# Visa requirements



## Sawasdeekrap (Dec 28, 2014)

Hello to All,

Would like to know the requirements to obtain a retiree visa for the Phillipines and the cost of living over there. Is it easy to rent a house or condo. My preferred place to stay is Dumaguete.

Any advice will be welcome.

Best regards, Sawasdeekrap.


----------



## Asian Spirit (Mar 1, 2010)

Sawasdeekrap said:


> Hello to All,
> 
> Would like to know the requirements to obtain a retiree visa for the Phillipines and the cost of living over there. Is it easy to rent a house or condo. My preferred place to stay is Dumaguete.
> 
> ...


Howdy,

The PRA retirement visa is quite expensive although I don't have specific costs. Others here will have better info on it than I.

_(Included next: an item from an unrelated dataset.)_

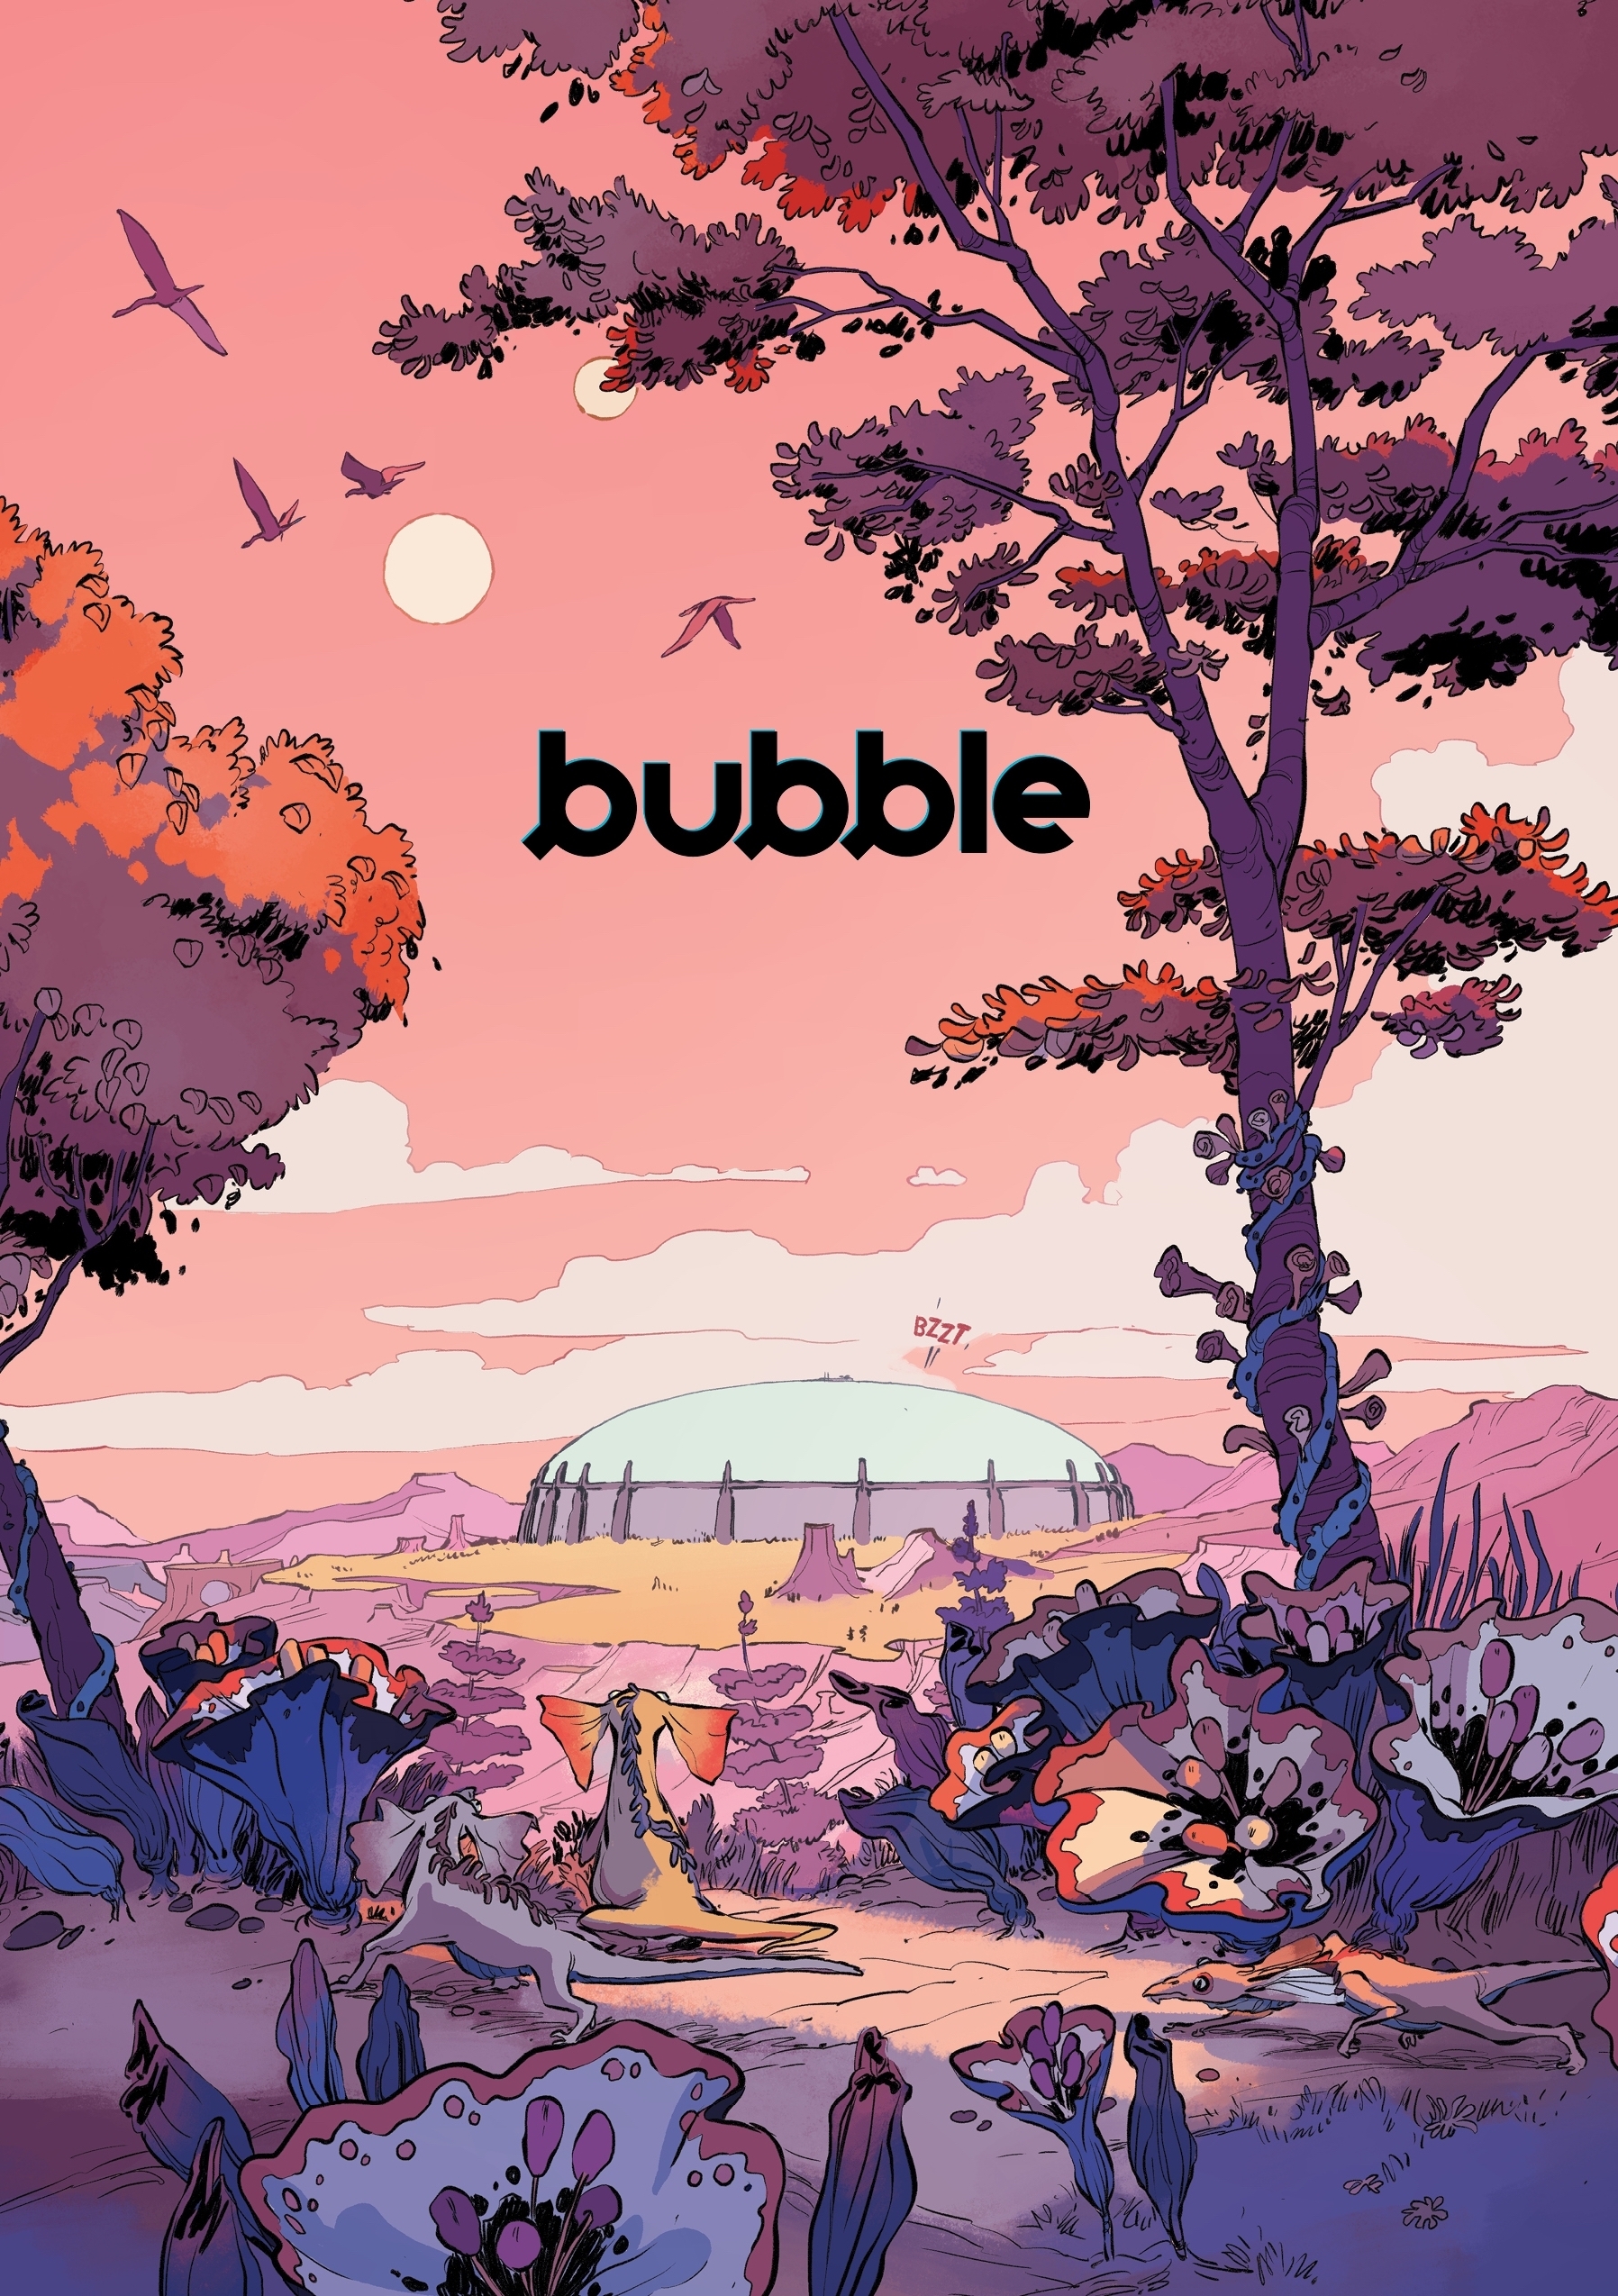 Graphic novel Bubble is an ideal summer read

Most people moving here opt for a tourist visa and renew every two months and then do a quick visa run and return at the end of two years or so.
The best and lowest (yearly) cost is if you marry here and then become a permanent resident. With that you never have to leave the country and the yearly fee is under $10.00us dollars per year.

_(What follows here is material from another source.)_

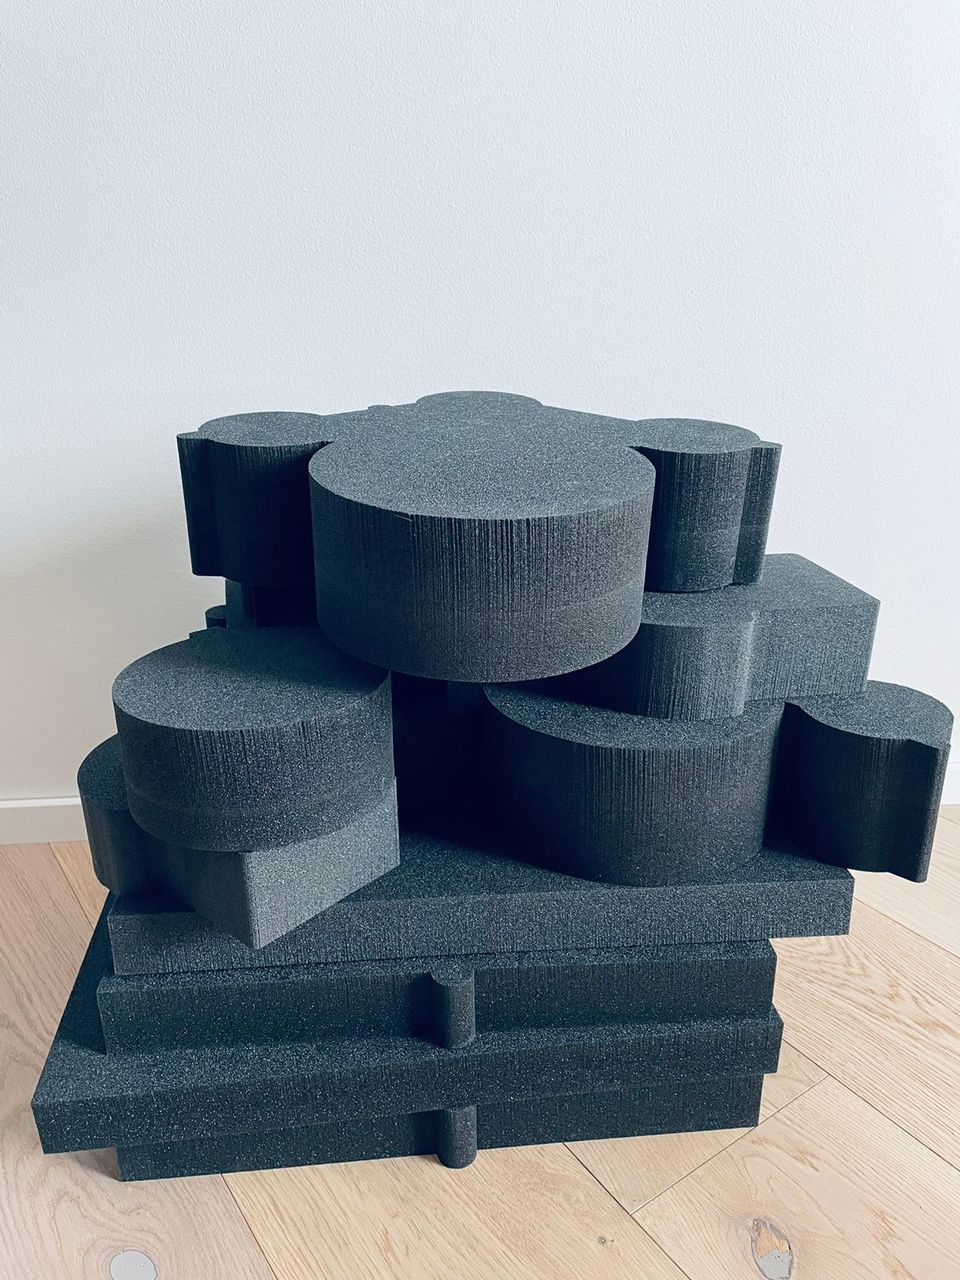 Thick and hard foam in black 1 kg

Be sure to visit the Philippines before making the move. This is a 3rd world country with all of the inherent pitfalls and dangers.
Also, if you move here, be sure to leave yourself a financial way out if needed.



Regards

Jet Lag


----------



## northwoods (Nov 14, 2013)

*dumaguete*



Sawasdeekrap said:


> Hello to All,
> 
> Would like to know the requirements to obtain a retiree visa for the Phillipines and the cost of living over there. Is it easy to rent a house or condo. My preferred place to stay is Dumaguete.
> 
> ...


check out you tube ,
PHILIPPINE DREAMS & LIFE BEYOND THE SEAS .
Both cover rent's and monthly budgets , in dumaguete .
as i recall , ned of philippine dreams is paying apx $180 ? a month,
for the [ pink house ] its small / nice and has a yard . ned also gives a monthly overall budget , itemized break down .
he and his gf's budget usually run apx $ 950 - $1050 usd a month , this includes
the house a truck , a scooter , and a motor bike , gym membership , 
some traveling .


----------



## kingrulzuk (Jan 19, 2010)

Sawasdeekrap said:


> Hello to All,
> 
> Would like to know the requirements to obtain a retiree visa for the Phillipines and the cost of living over there. Is it easy to rent a house or condo. My preferred place to stay is Dumaguete.
> 
> ...


Hi there

Op please check this site you will get all the info you need: Living in the Philippines | Visa | Cost of Living |

Good luck


----------